TRY IT = Omit the pictures. Transcribe exactly the lines below, from the one with "Bismut & Bismut" up to and including the last.

PROVIDED DATA =
Segment Open

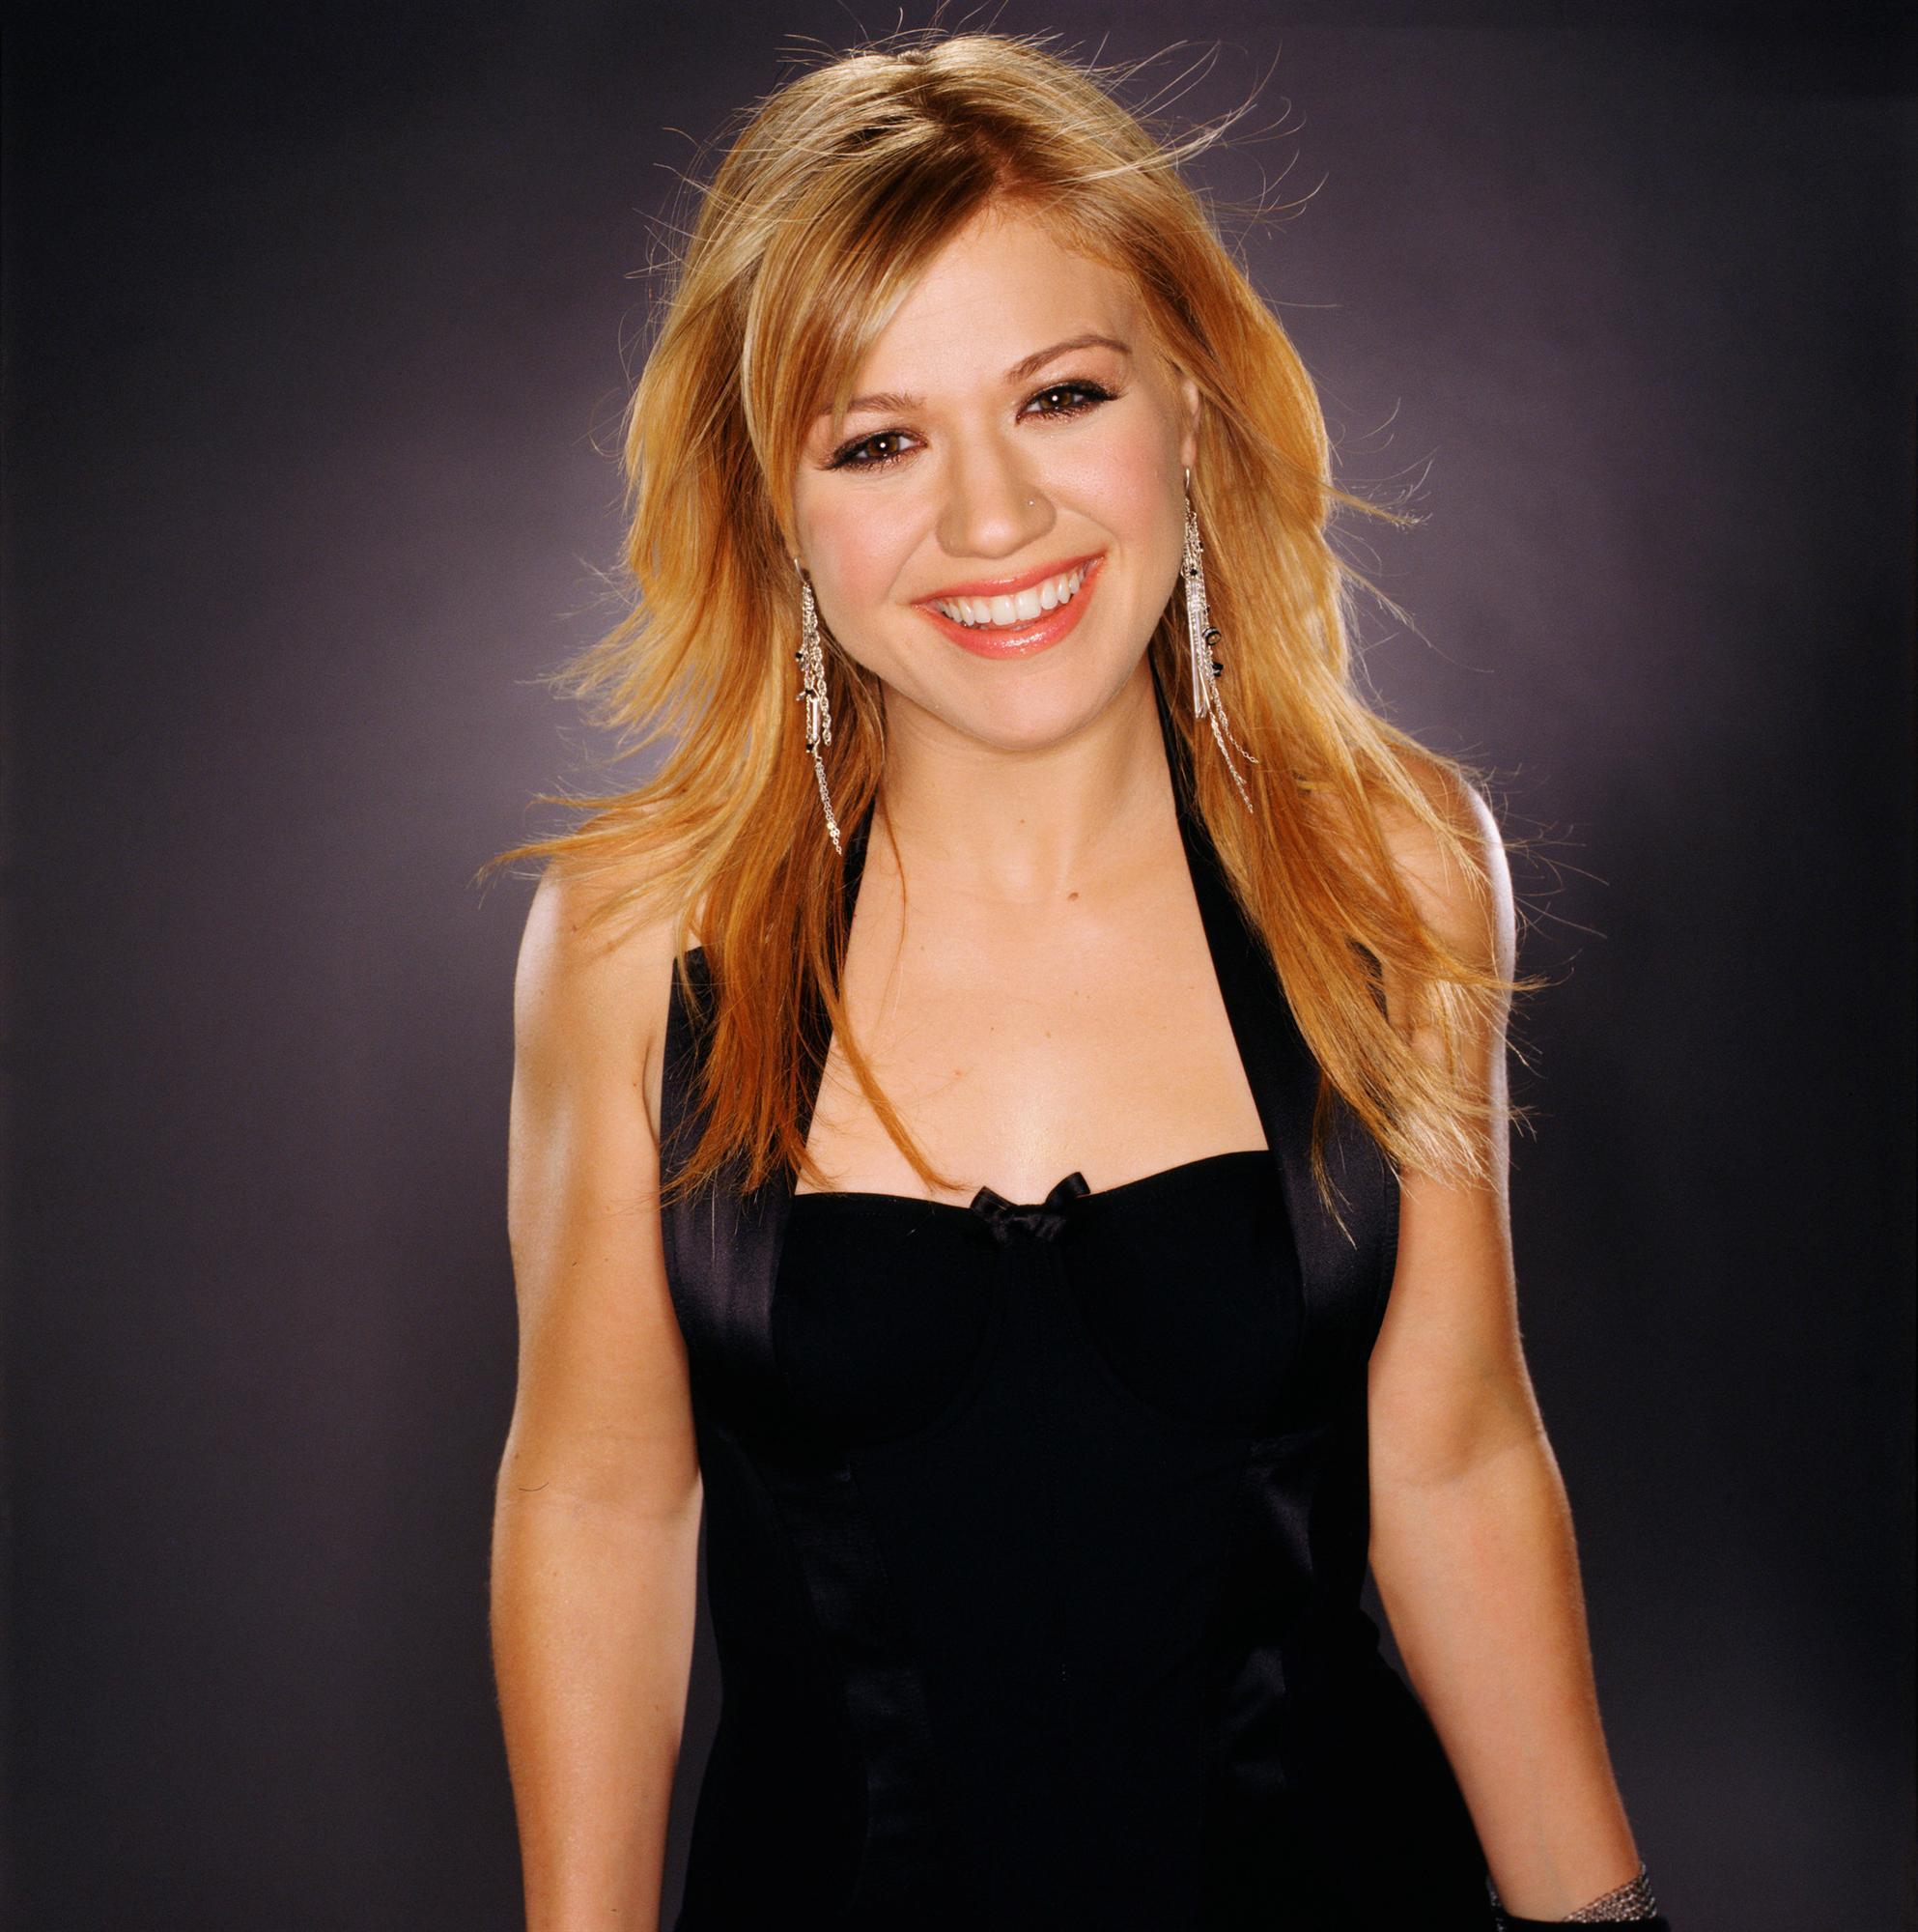 Kelly Clarkson HD pics
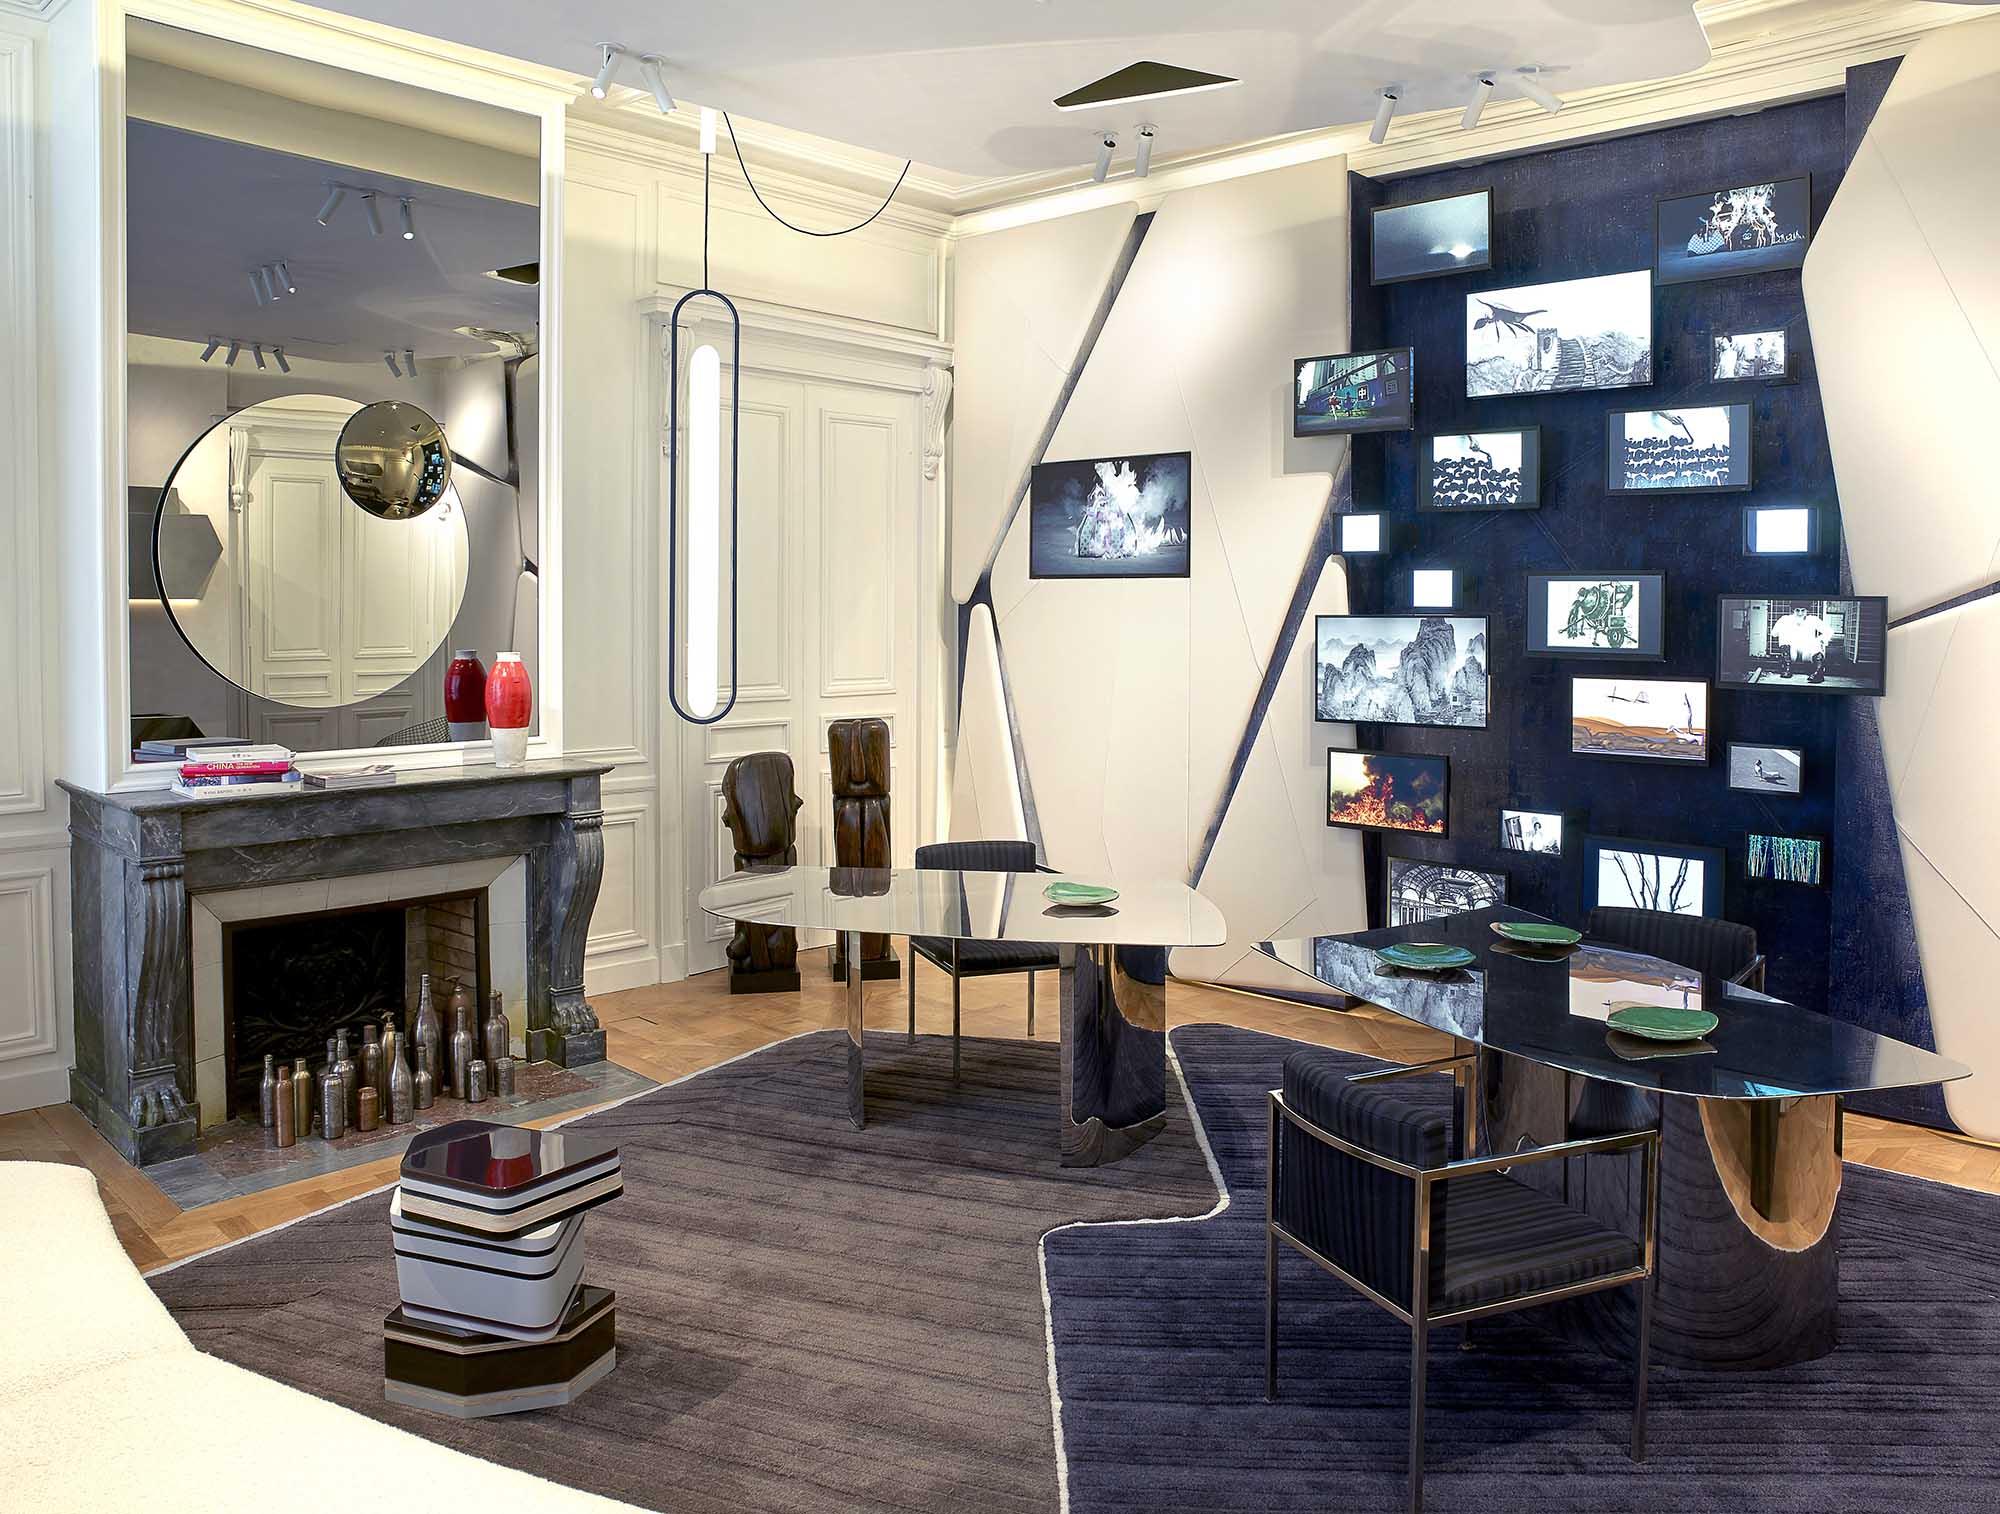 Bismut & Bismut Architectes daniel & michel bismut   parexcellence new york
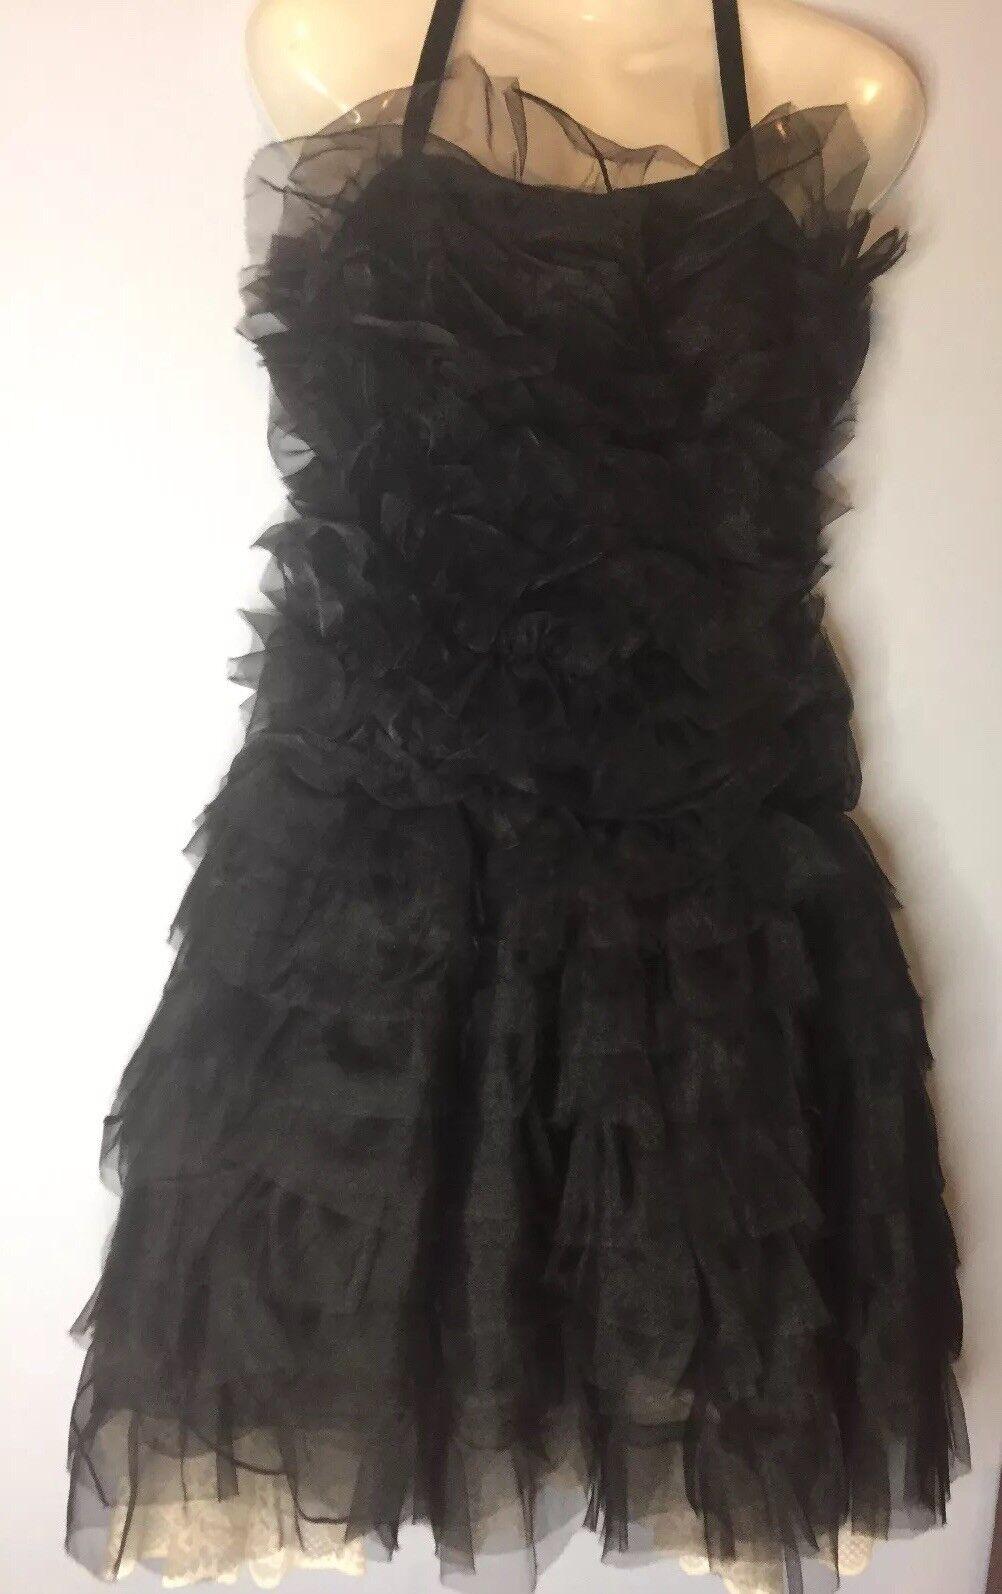 EMPORIO ARMANI Vintage schwarz Ruffle Cocktail Prom Dress Ivory Lace sz 42   4 - 6

Segment Closed

SOLUTION BELOW =
 Bismut & Bismut Architectes daniel & michel bismut   parexcellence new york
 EMPORIO ARMANI Vintage schwarz Ruffle Cocktail Prom Dress Ivory Lace sz 42   4 - 6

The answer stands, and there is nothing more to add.